Case Report Open Access
Copyright ©The Author(s) 2005. Published by Baishideng Publishing Group Inc. All rights reserved.
World J Gastroenterol. Oct 21, 2005; 11(39): 6232-6234
Published online Oct 21, 2005. doi: 10.3748/wjg.v11.i39.6232
Treatment of a duodenal perforation secondary to an endoscopic sphincterotomy with clips
Panagiotis Katsinelos, George Paroutoglou, Athanasios Beltsis, Stavros Dimiropoulos, Department of Endoscopy and Motility Unit, "G.Gennimatas" Hospital, Ethnikis Aminis 41, 54635 Thessaloniki, Greece
Basilios Papaziogas, Konstantinos Atmatzidis, 2nd Surgical Clinic, "G.Gennimatas" Hospital, Aristotle University of Thessaloniki, Ethnikis Aminis 41, 54635 Thessaloniki, Greece
Author contributions: All authors contributed equally to the work.
Correspondence to: Dr. Panagiotis Katsinelos, Department of Endoscopy and Motility Unit, "G.Gennimatas" Hospital, Ethnikis Aminis 41, 54635 Thessaloniki, Greece. pantso@the.forthnet.gr
Telephone: +30-2310-211221 Fax: +30-2310-210401
Received: November 29, 2004
Revised: February 15, 2005
Accepted: February 18, 2005
Published online: October 21, 2005

Abstract

Perforation is one of the most serious complications of endoscopic sphincterotomy (ES) necessitating immediate surgical intervention. We present a case of successful management of such a complication with endoclipping. A 85-year-old woman developed duodenal perforation after ES. The perforation was identified early and its closure was achieved using three metallic clips in a single session. There was no procedure-related morbidity or complications and our patient was discharged from hospital 10 d later. Endoclipping of duodenal perforation induced by ES is a safe, effective and alternative to surgery treatment.

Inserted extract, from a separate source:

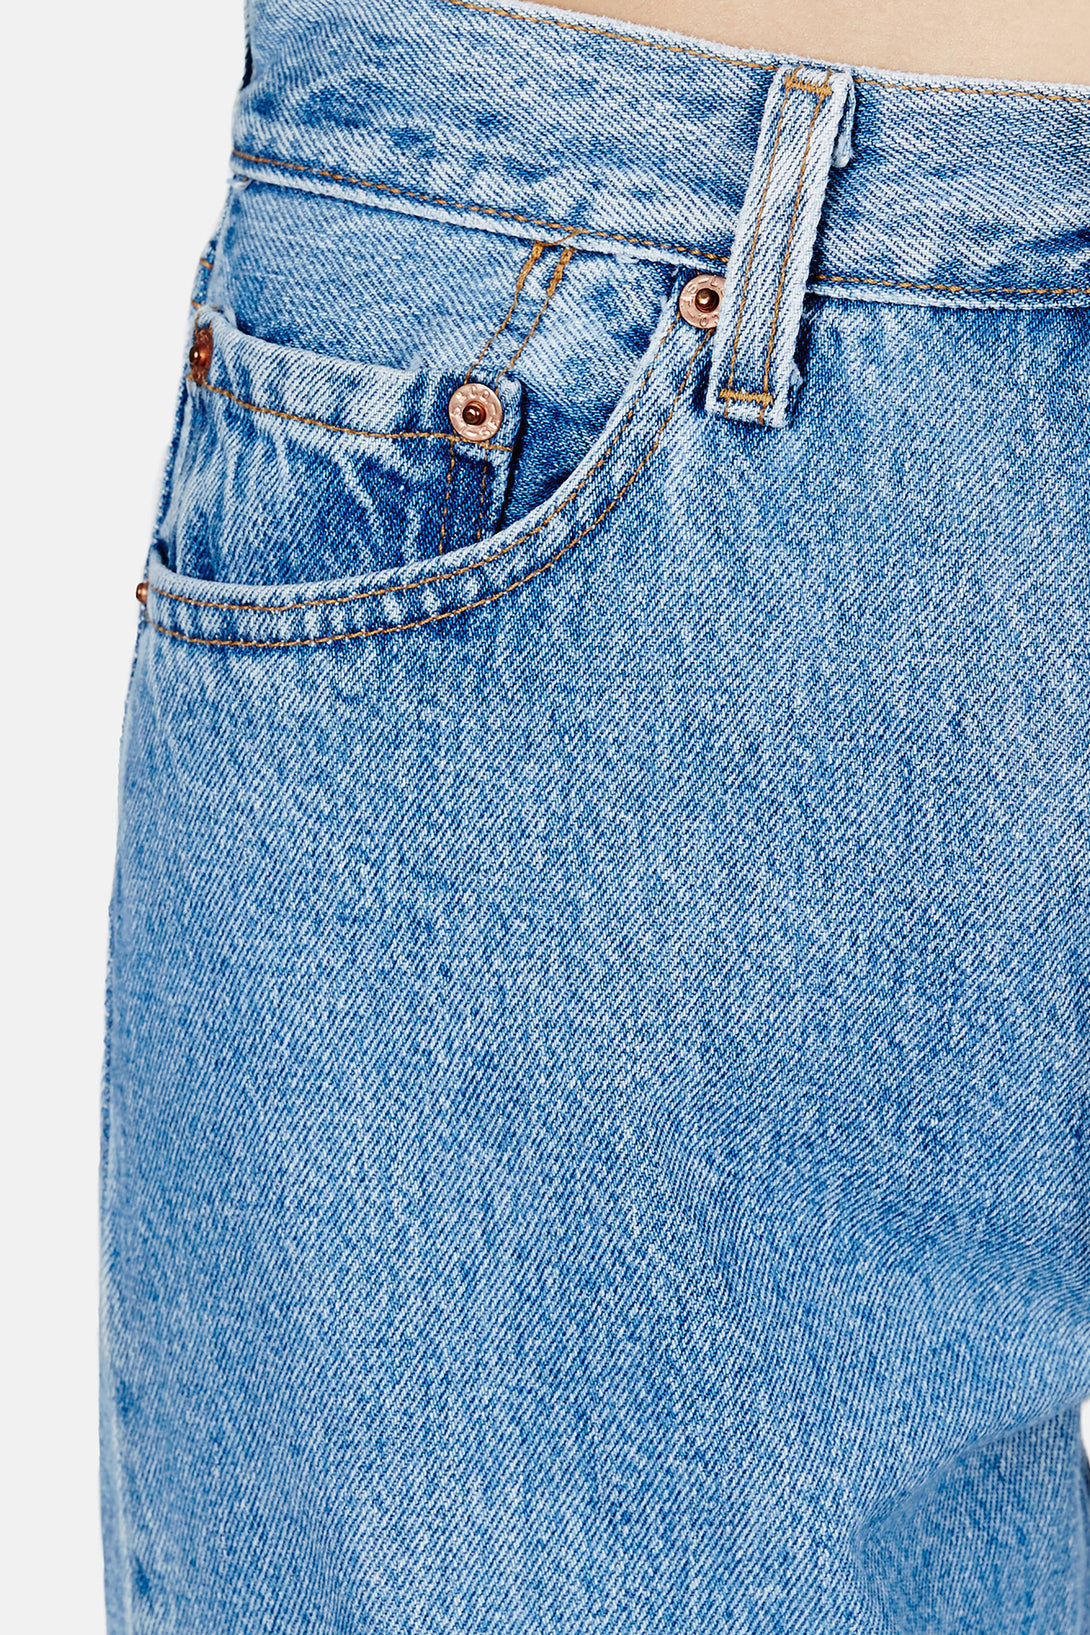 Vintage Boyfriend Jeans – The Line

Key Words: Endoclipping, Duodenal perforation, Endoscopic sphincterotomy



INTRODUCTION

The most serious complications of endoscopic sphincterotomy (ES) are pancreatitis, hemorrhage and perforation[1]. Although perforation is uncommon, occurring in less than 1% of patients undergoing ES, it is associated with high morbidity and mortality[2].

Applications of endoscopic metallic clips other than the treatment of bleeding lesions have been reported, such as sealing of iatrogenic endoscopic perforations[3].

We describe a 85-year-old woman who developed symptomatic post-ES perforation and was successfully treated by endoscopic clip placement. To our knowledge, this is the second reported case of post-ES perforation that was treated endoscopically with clip placement.

CASE REPORT

A 85-year-old woman was admitted because of recurrent episodes of abdominal pain, fever, and jaundice over a period of 1 mo. Her past medical history revealed a cholecystectomy 10 years ago, mild heart failure and hypertension. Laboratory tests showed cholestasis. US demonstrated intra- and extra-hepatic biliary dilatation. Magnetic resonance imaging cholangiography showed a large stone (diameter 18 mm) in the lower part of the common bile duct.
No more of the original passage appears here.